Inspiration for the watch came to Riehl in 1959, when he saw for the first time the use of integrated circuits by the military. Since then it has been a long financial climb before he was in a position to produce.


A native of Utica, N.Y., Riehl has been making far-out electronic devices since before he was 16, when he startled his hometown with a football scoreboard composed of junk.
He moved to Cleveland in 1960, joining in business with an electronically minded relative who owned a TV and radio repair shop. While there, Riehl invented a wide-space, dual channel two-way radio, the patent for which he sold to Dare, Inc., Troy.

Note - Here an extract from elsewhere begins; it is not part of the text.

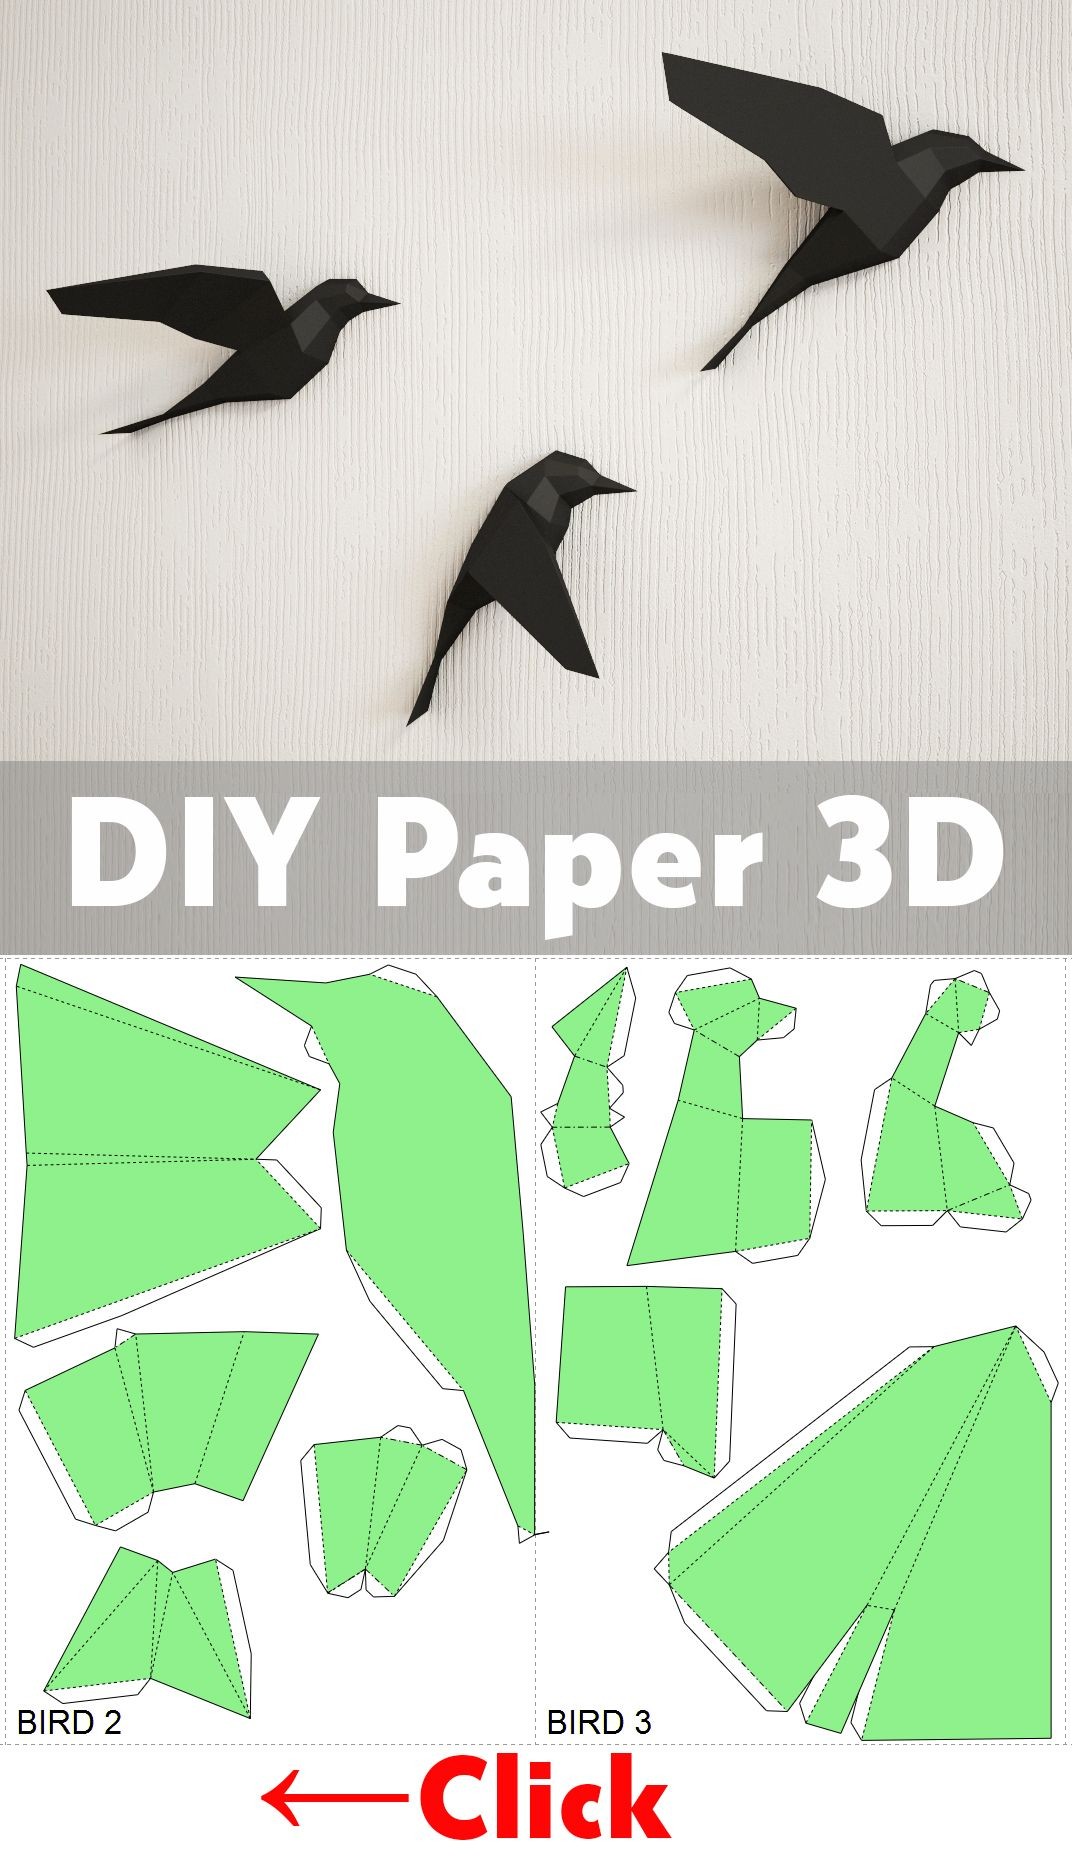 Papercraft Shark Diy Paper Birds On Wall 3d Papercraft Easy Paper Model Sculpture

When Dare needed assistance in repairing and modifying the radio, Riehl was offered a job. So Riehl moved to Troy in 1962, remaining with Dare until 1968.


A parti-time electronic business later blossomed into what is now Riehl Electronics Corporation (with 31 percent opened to public ownership) was begun in 1964. Products of the period since then have included the Spitfire transistor ignition system, a liquor inventory scale and Magnetach, an electronic tachometer and dwell meter.


A brief stint with Hobart Manufacturing resulted in the present production of a digital computing scale for delicatessens. But these inventions merely served to provide capital for production of the wristwatch. And it is the latest invention that will make Riehl and his partner Gerd Klingler rich, they hope. “I’ve always had the desire to make a lot of money, “Riehl said.


His ultimate dream is to have a production of the watch and whatever comes after it taken over by trusted subordinates, leaving Riehl full time for designing. What will emerge then is anybody’s guess.